18. Hukuk Dairesi Esas No: 2015/12054 Karar No: 2015/12099 Karar Tarihi: 07.09.2015
Yargıtay 18. Hukuk Dairesi 2015/12054 Esas 2015/12099 Karar Sayılı İlamı
Özet:
Dava, bir taşınmazın kamulaştırmasız el atma nedenine dayalı olarak bedelinin faiz ve masraflarla birlikte davalı taraftan tahsili istenilmesi üzerine açılmıştı. Mahkeme, davanın kısmen kabulüne karar verdi. Ancak, davalı vekili hüküme itiraz ederek temyiz etti.

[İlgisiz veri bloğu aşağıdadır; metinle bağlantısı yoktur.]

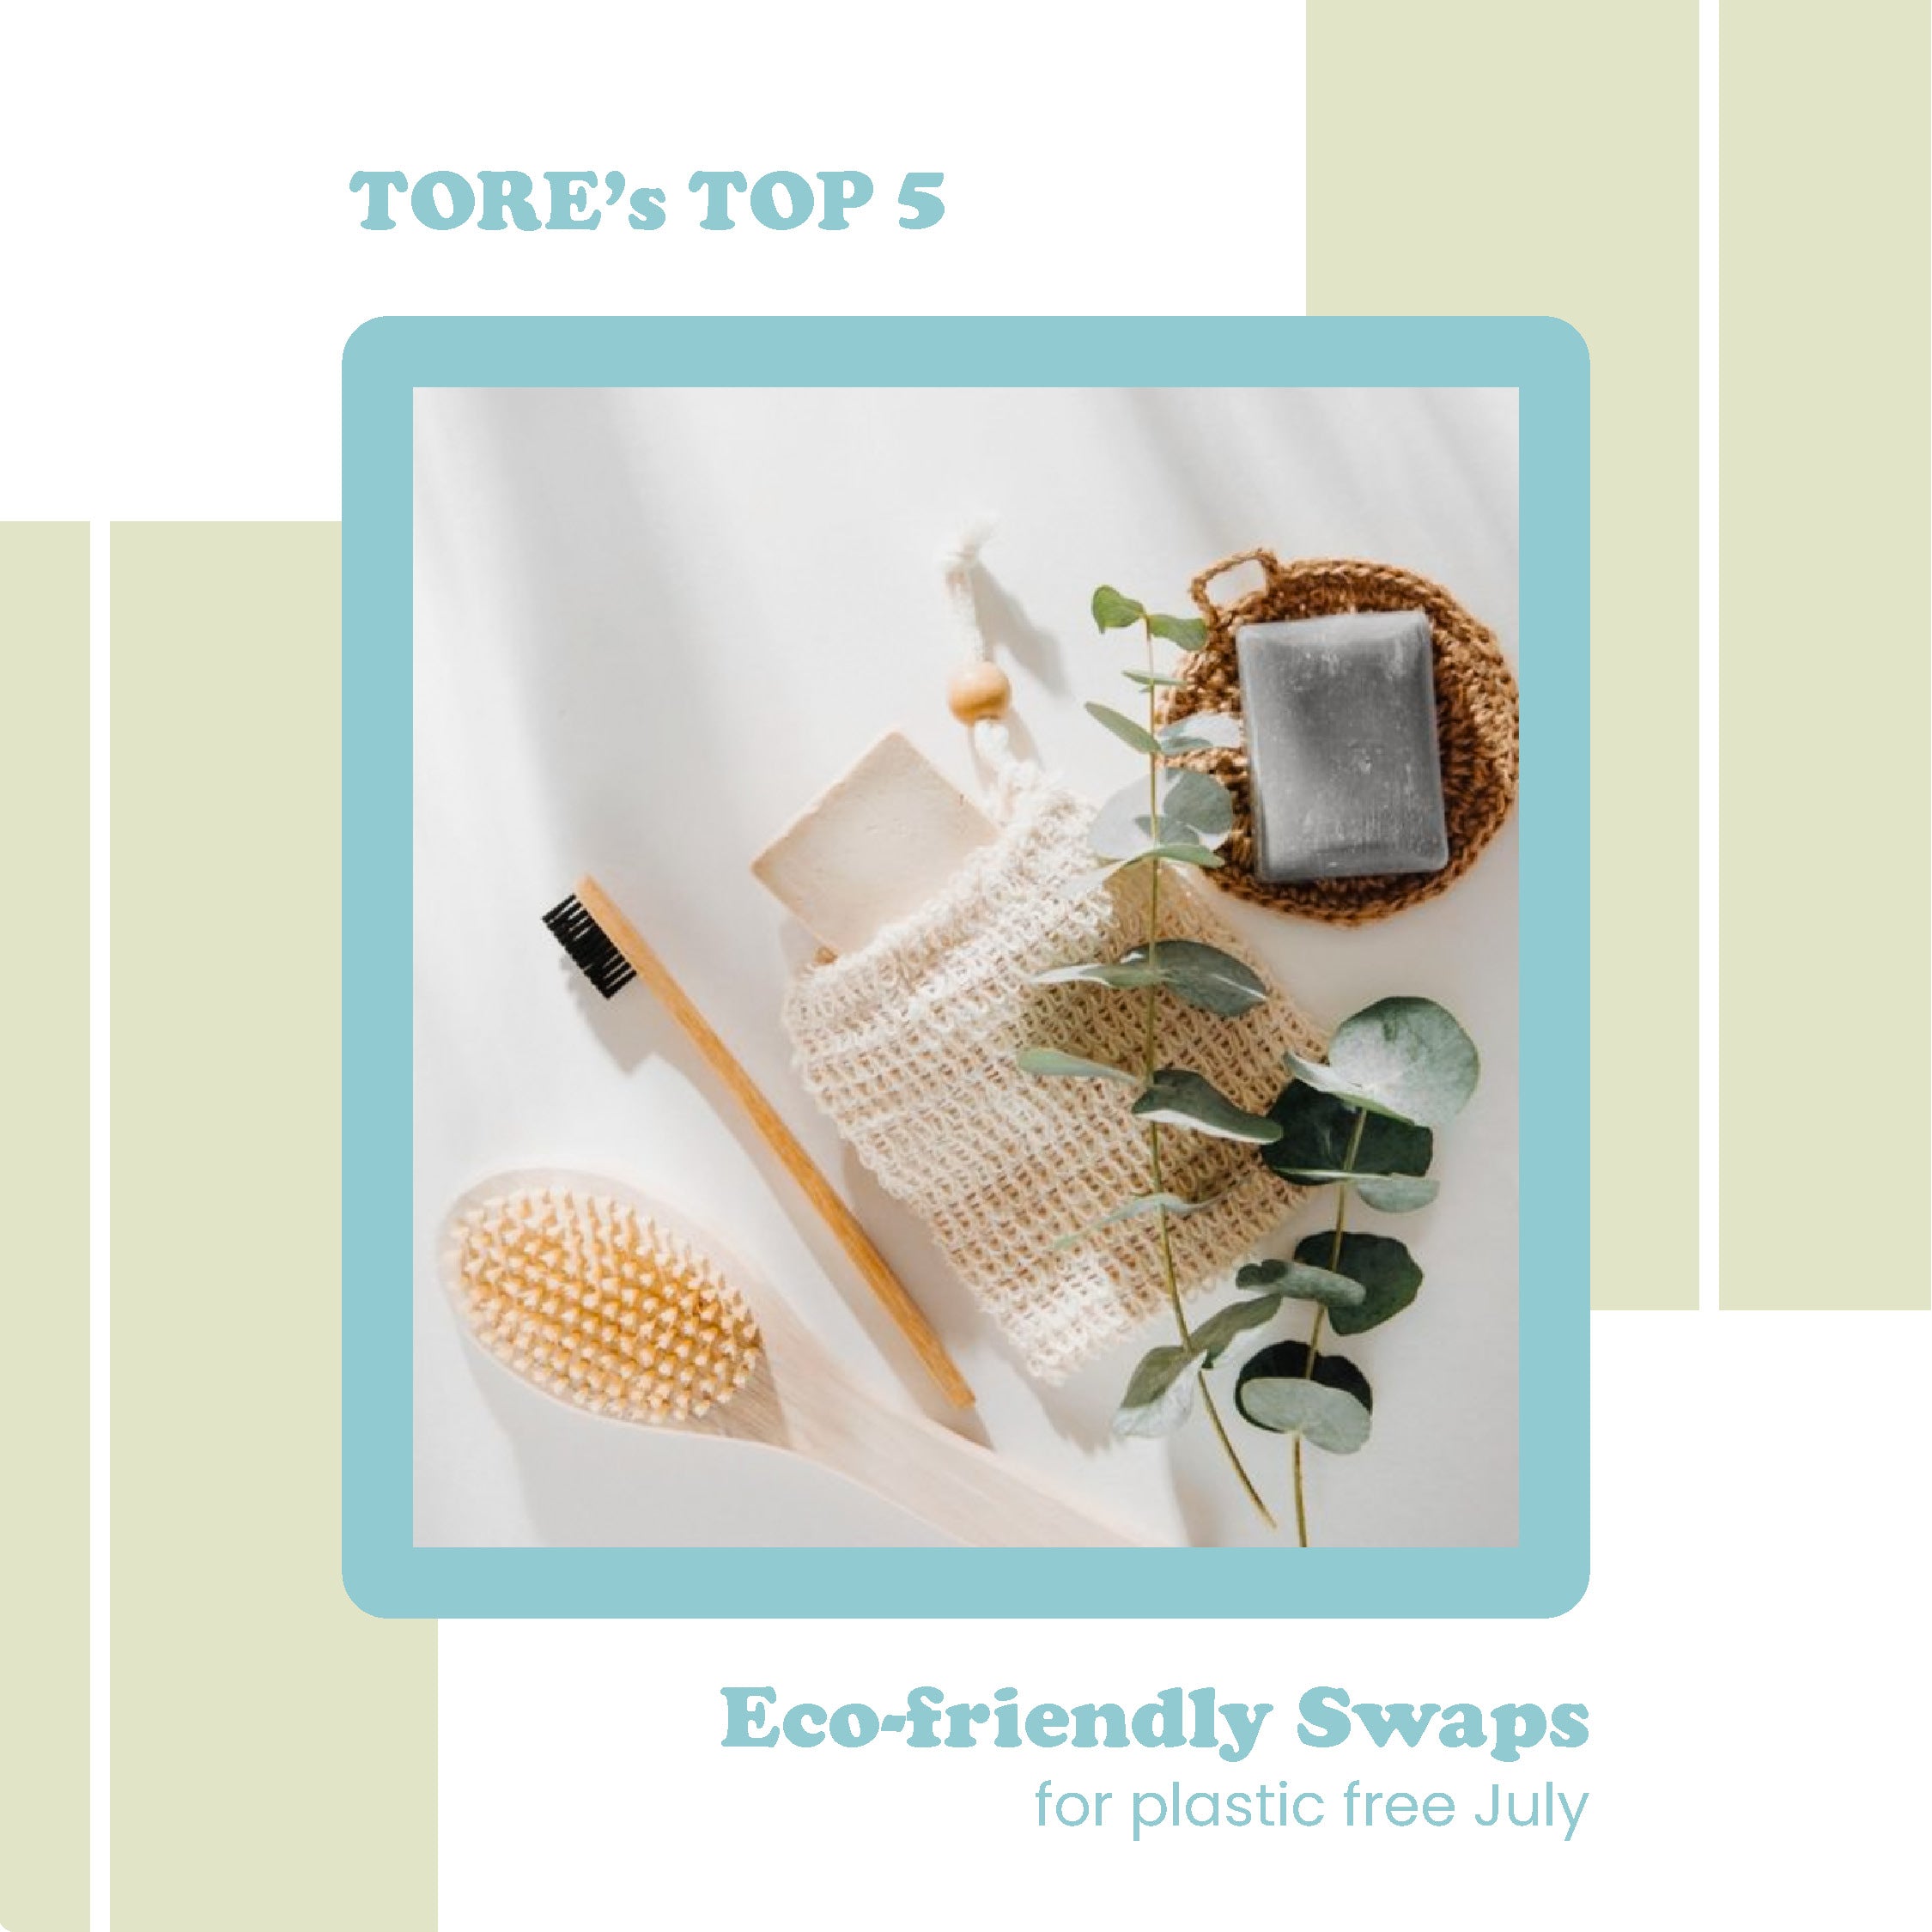 TORE's Top 5 Tips for Plastic-Free July

Yargıtay ise, temyiz isteminin süresi içinde olduğunu belirttikten sonra, kanıtların takdirinde bir isabetsizlik görülmemesi sebebiyle sair temyiz itirazları yerinde bulunmayarak, mahkemenin kararını onadı. Ancak, kararda belirtilen bazı kanun maddelerine uyulmadığından dolayı, karar bozuldu. \"2942 sayılı Kamulaştırma Yasası\"nın 4650 sayılı Yasayla değişik 11.maddesinin birinci fıkrasının (g) bendine göre, kamulaştırılan taşınmazın arsa olarak kabul edilmesi durumunda, değerlendirme gününden önceki özel amacı olmayan emsallerin satış değeri esas alınarak kamulaştırma bedelinin tespit edilmesi gerekiyor. Ayrıca, 2942 Sayılı Kamulaştırma Kanununun 6487 sayılı kanunla değiştirilen geçici 6.maddesinin onikinci ve onüçüncü fıkraları 13.03.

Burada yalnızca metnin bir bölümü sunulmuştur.